**Source data**
* * * * *
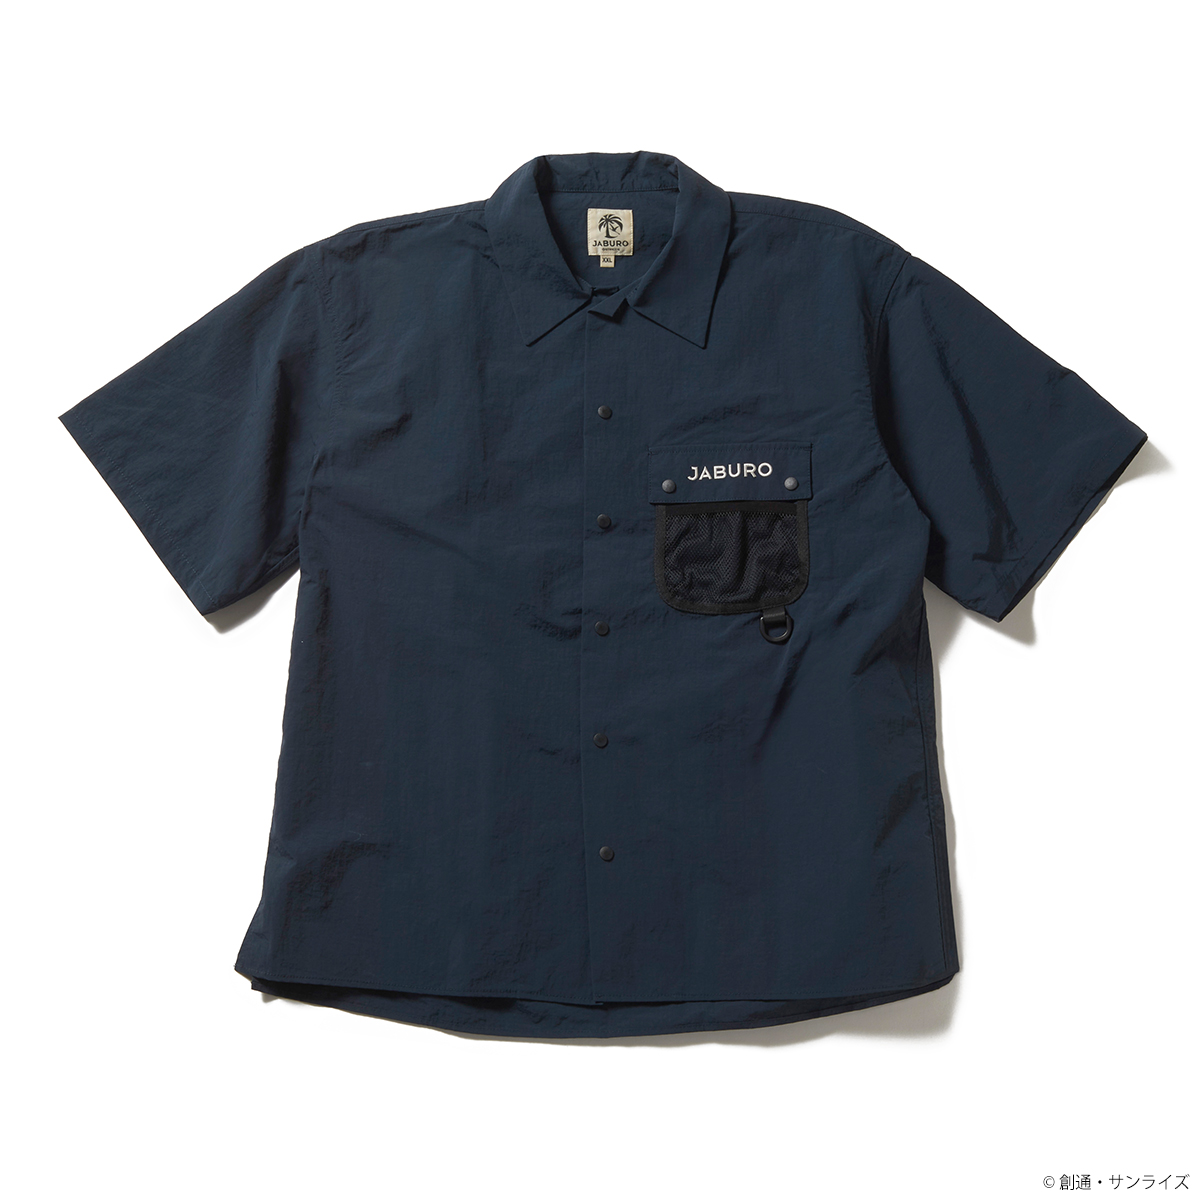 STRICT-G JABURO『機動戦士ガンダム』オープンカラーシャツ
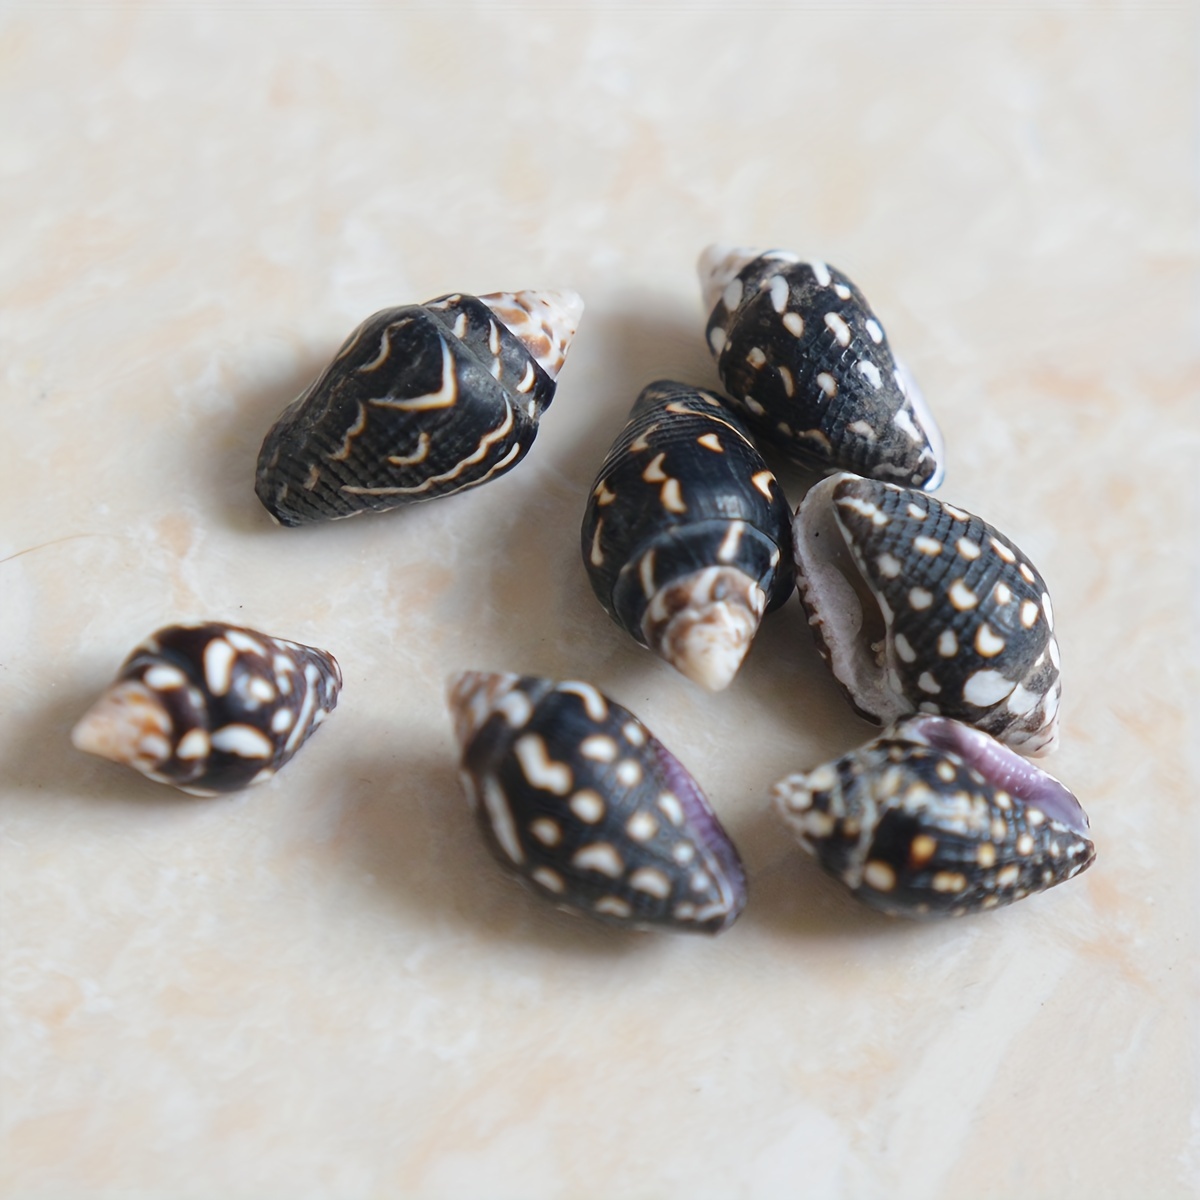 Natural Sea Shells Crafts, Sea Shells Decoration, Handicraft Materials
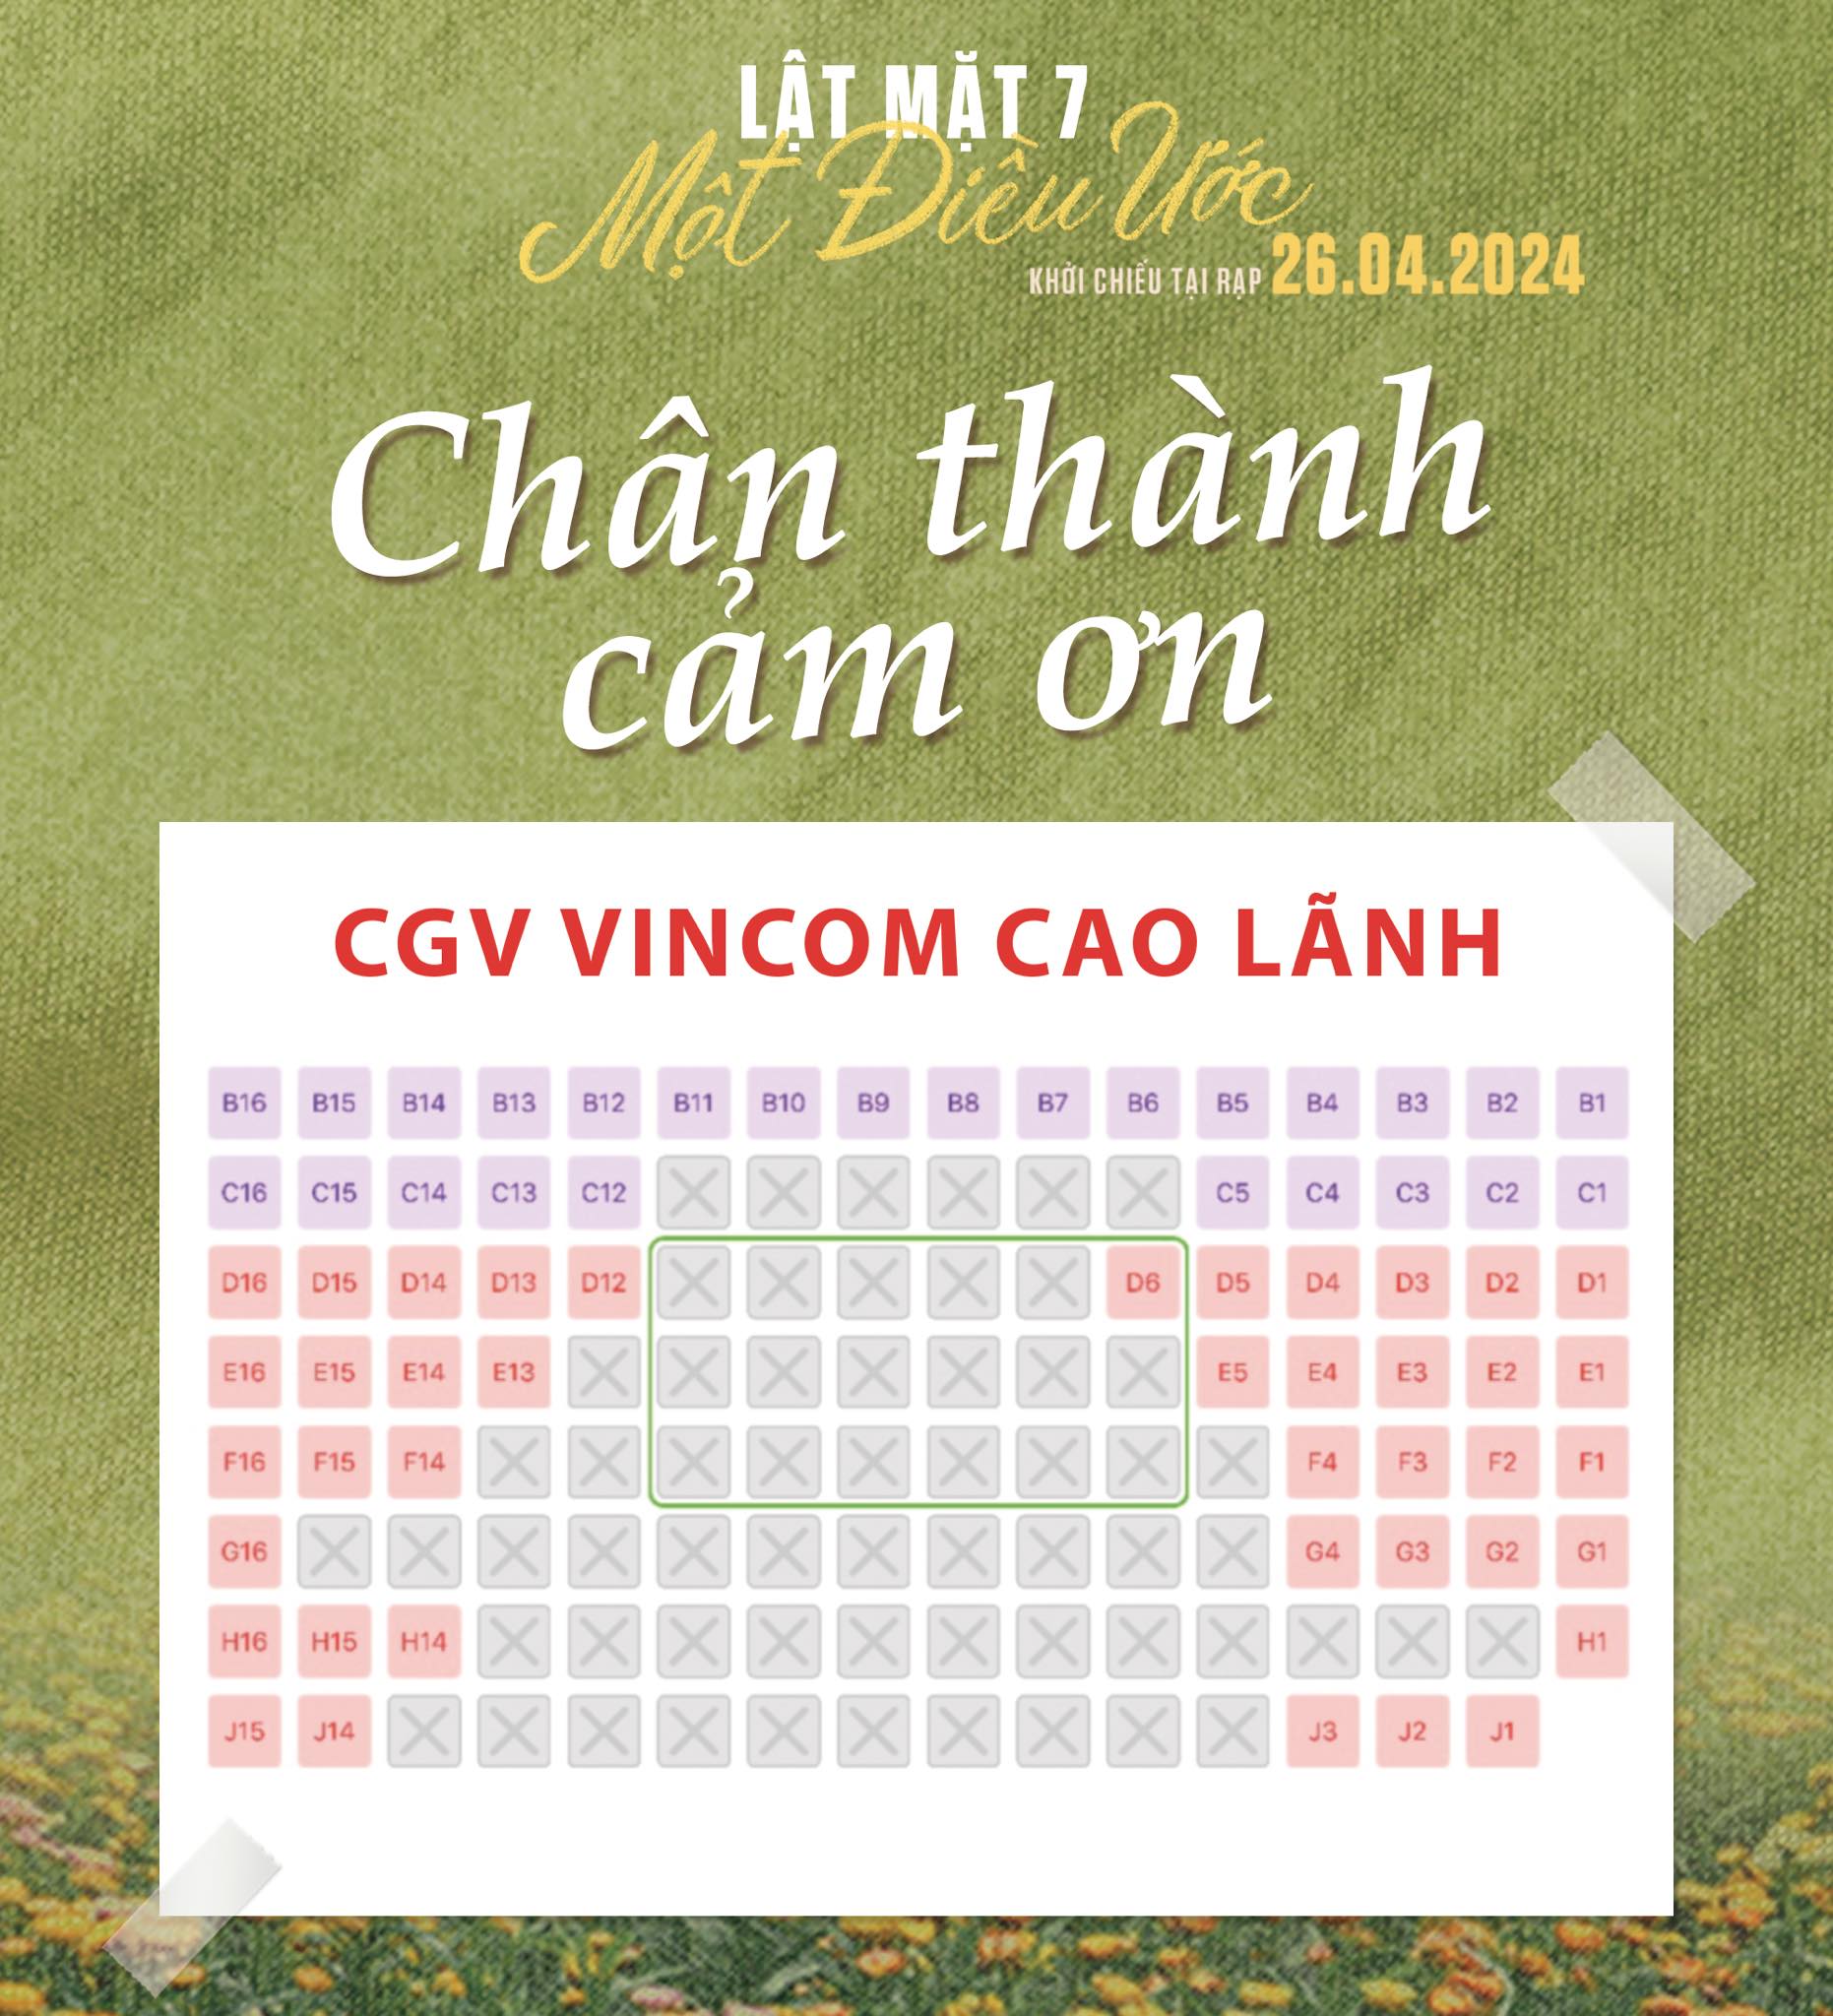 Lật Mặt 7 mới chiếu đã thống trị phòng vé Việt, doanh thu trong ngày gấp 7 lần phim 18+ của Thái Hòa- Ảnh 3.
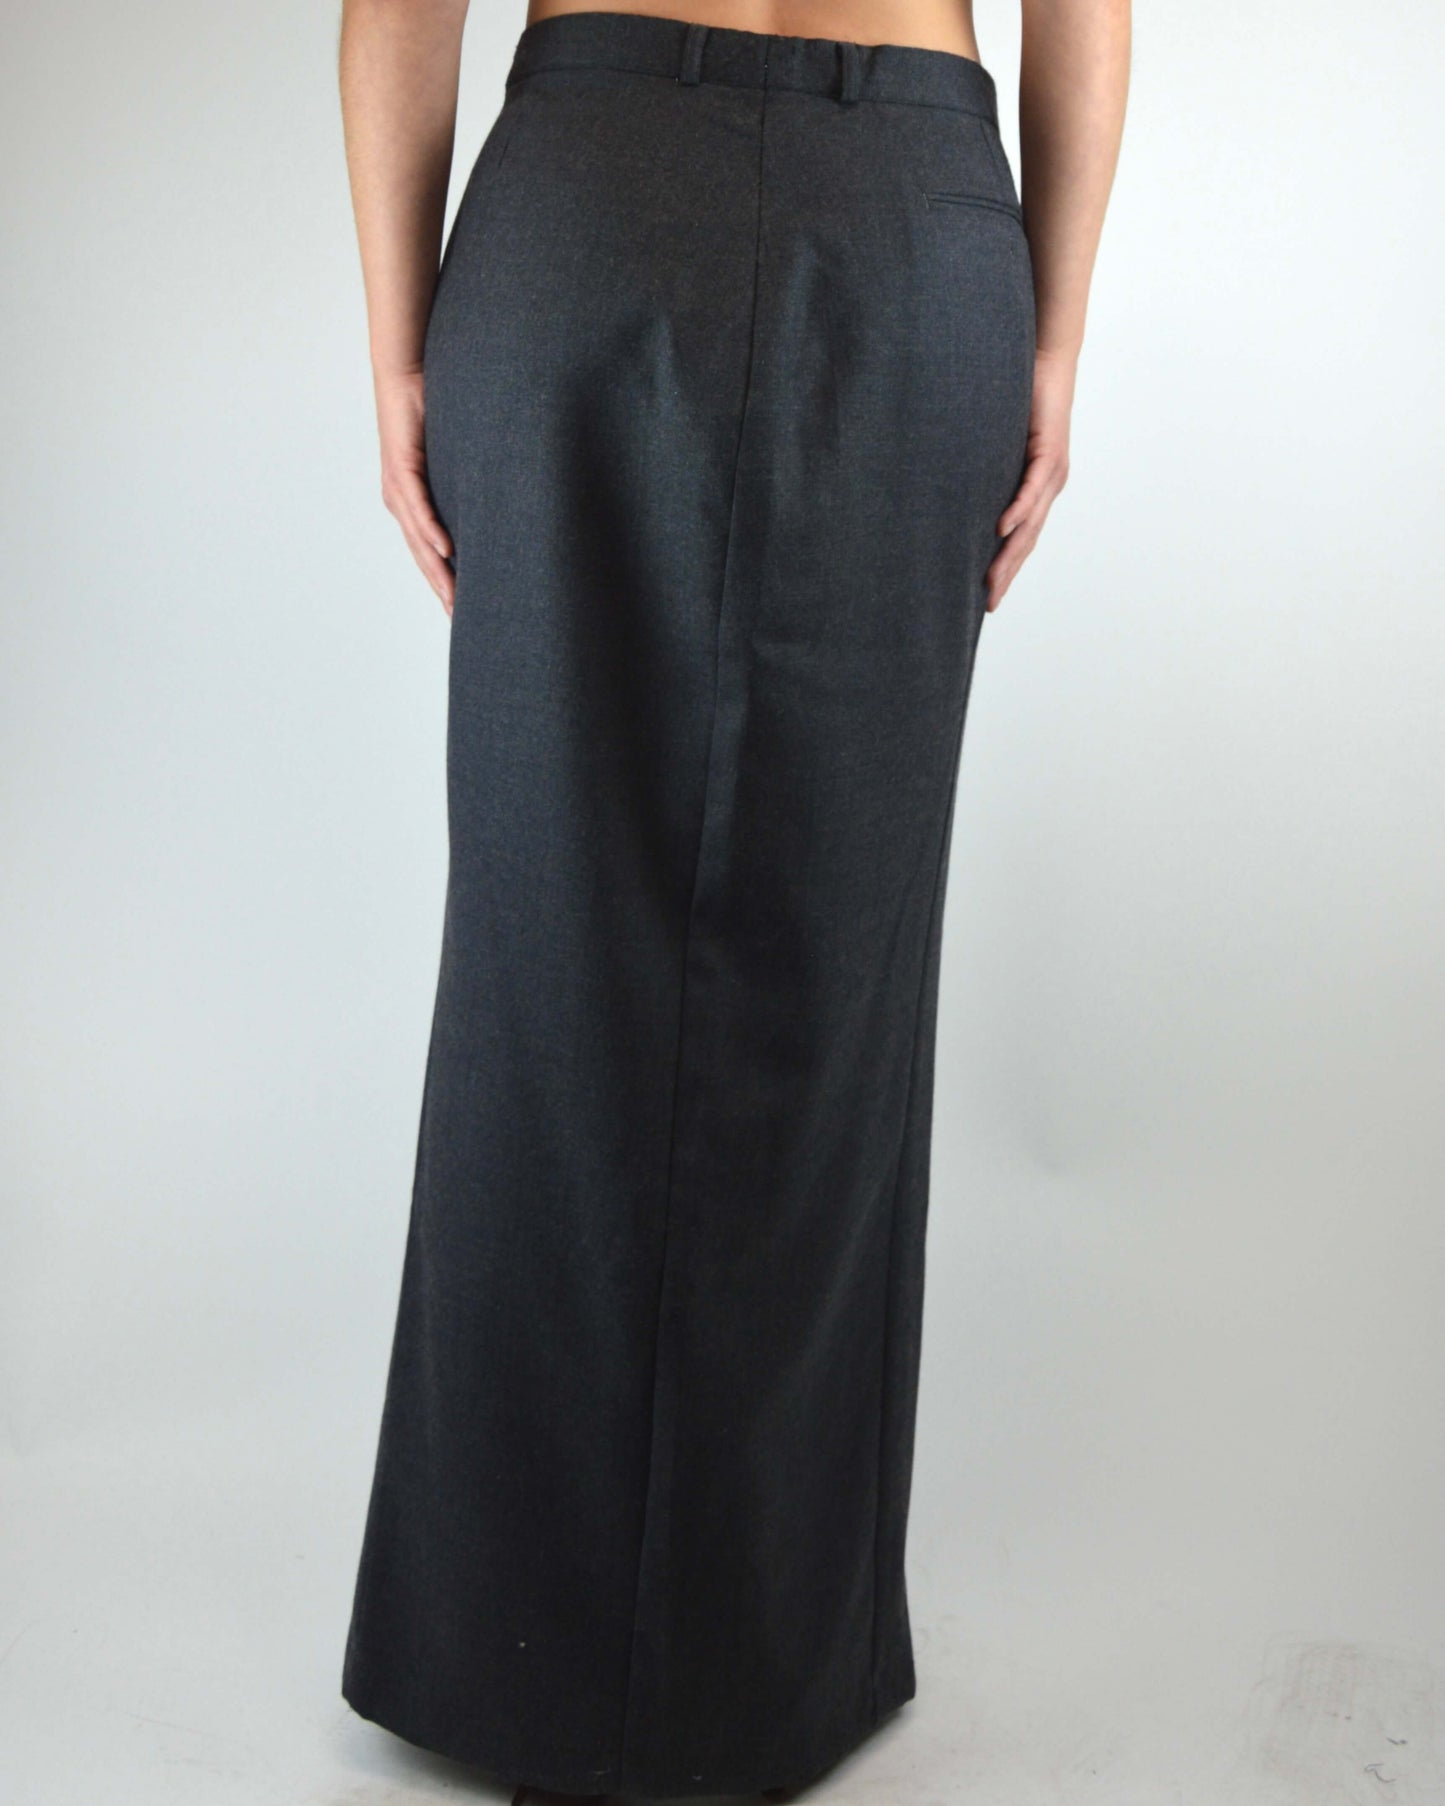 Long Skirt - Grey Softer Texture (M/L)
* * * * *
**Exercise directions**
Your copy should hold exactly the lines from the one that contains "Natural Sea Shells" through the final line of the data, both ends included, and no pictures.

**Reply**
 Natural Sea Shells Crafts, Sea Shells Decoration, Handicraft Materials
 Lật Mặt 7 mới chiếu đã thống trị phòng vé Việt, doanh thu trong ngày gấp 7 lần phim 18+ của Thái Hòa- Ảnh 3.
 Long Skirt - Grey Softer Texture (M/L)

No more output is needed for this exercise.